The code was written down on a piece of paper inside the Ears. Usually, the Red Mother would have used a more discreet mind link. Yet the code was quite long and she couldn’t risk Lith forgetting it.
She also handed him the Hands, the Mouth, and a pin made of white crystals.
“Our towers can’t fit a Warp Gate so we’ll follow you with our own means.”
“Towers?” More than one echoed. “There’s more than one?”
“The pin will act as a beacon. Even if somehow the World Tree drags you inside the Fringe and seals the opening before our arrival, I’d be capable of locating you even if the Tree relocates on the moon.”
“Thanks, Yaga.” Lith appointed it on the lapel of his Magus Robe and hid the four pieces of the Menadion Set under his Voidwalker armor. “What about Aylen and our skeletal friends.”
“Locked and loaded.” Baba Yaga grunted. “And I mean literally. There’s no way in Mogar I let them roam my tower.”
“Phase one is a go.” Lith yelled, his voice roaring through the place. “Sharing our respective strategies will have to wait until we reach our destination. There’s not a moment to waste. Follow me.”
Each group had prepared their best battle strategies and underhanded tricks, but they had refused to disclose them. After all, the whole mission was a huge maybe, based on the assumption that Lith located an access point to the World Tree’s Fringe.

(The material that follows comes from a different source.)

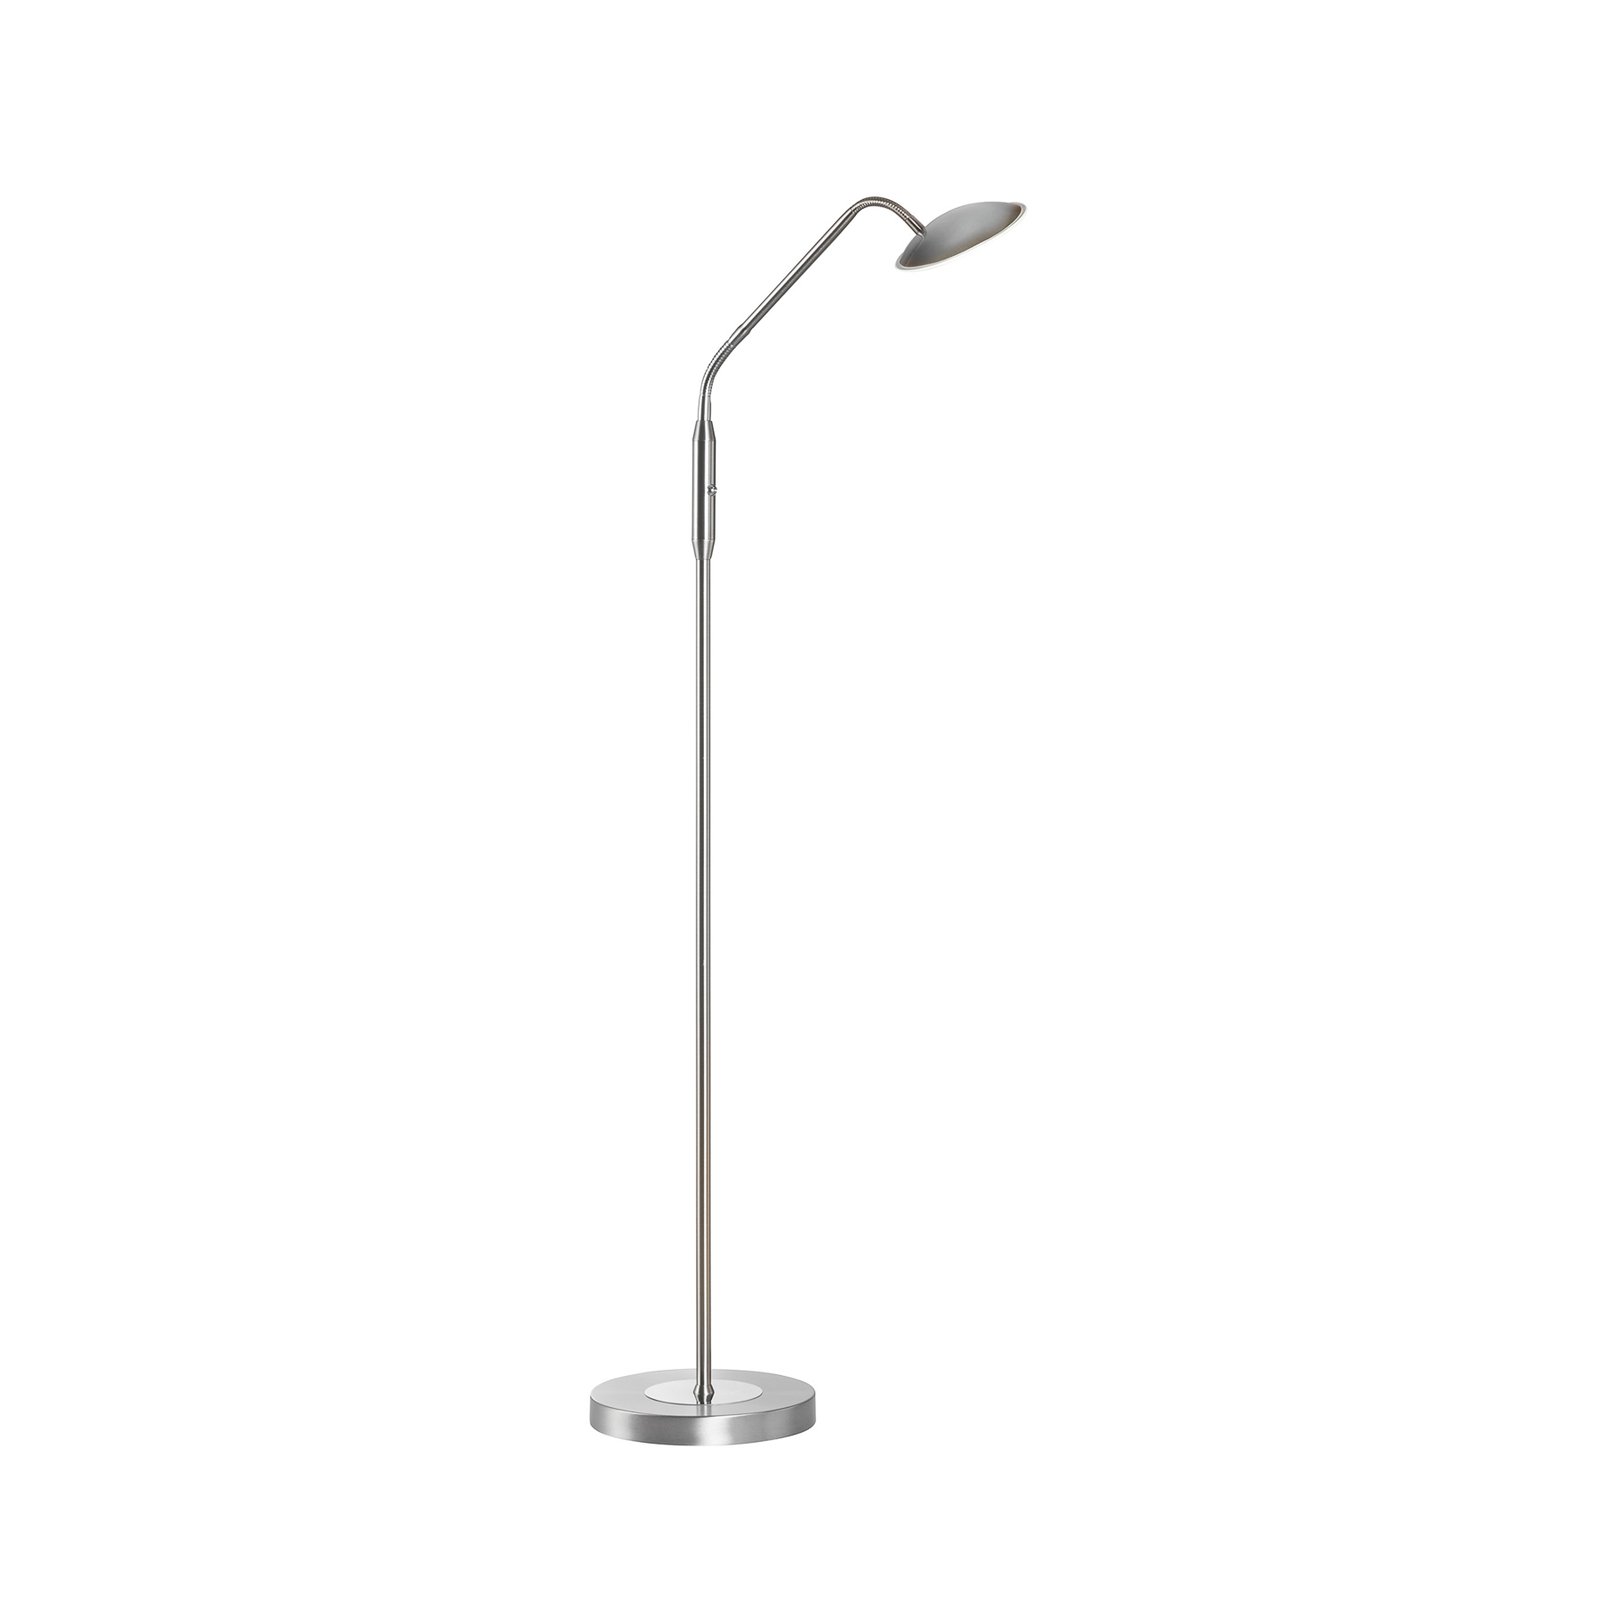 Stojací lampa LED Tallri, barva niklu, výška 135 cm, CCT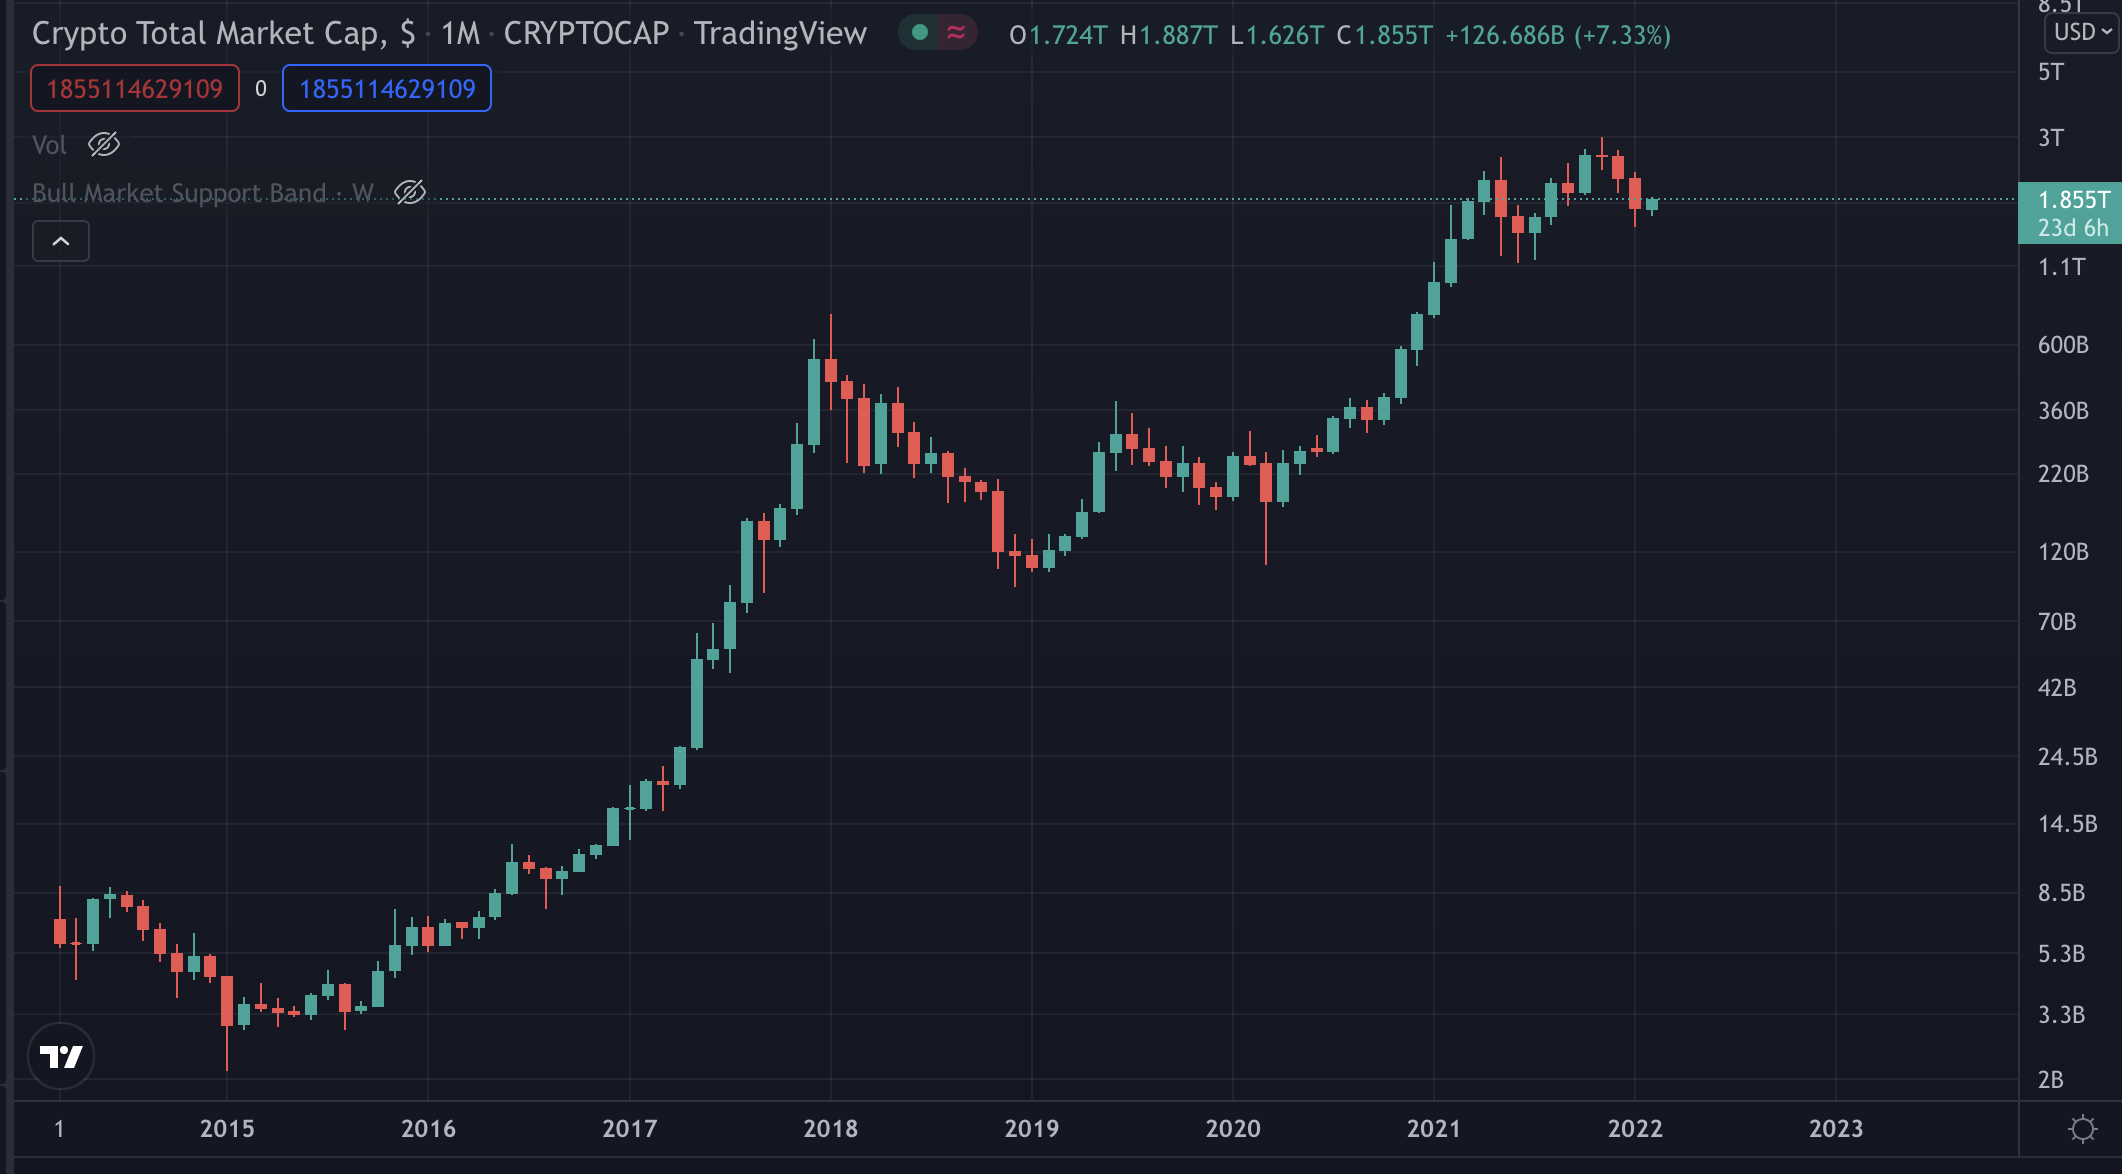 Total Crypto Market Cap - Source: TradingView

No one wanted to expose their secrets to potential future rivals unless it was absolutely necessary.
Lith understood and empathized with his allies so much that despite his predicament he couldn’t get angry at them.
‘I’m already asking them to fight and risk their lives for me. Anything more would be madness.’ He thought while walking through the dimensional tunnel.
He moved to the four corners of the Blood Desert, stopping each time for a few seconds to adjust his readings.
“You there, bring me to the farthest coordinates in that direction.” Lith ordered the desk clerk while pointing north-northeast.
“The farthest in the Empire or the Kingdom?” The middle-aged man asked after checking his runescreen. “Because they are both in that direction.”
“Kingdom first, Empire second. Lock on the second set of coordinates already.” Lith replied.
‘In the Tree’s shoes, I’d set my domain as far as possible from the Guardians’ turfs to avoid notice. Like in one of the many free countries at the borders of the three great countries.’
The clerk of the Mage Association had a heart attack when Lith walked unannounced through the Warp Gate. According to the news, he had recovered from his madness but the woman was aware that when politics were involved, news and truth seldom overlapped.
“Still too far. Next.” Lith walked back and the passage closed while the alarm still blared and a second clerk administered first aid to the woman.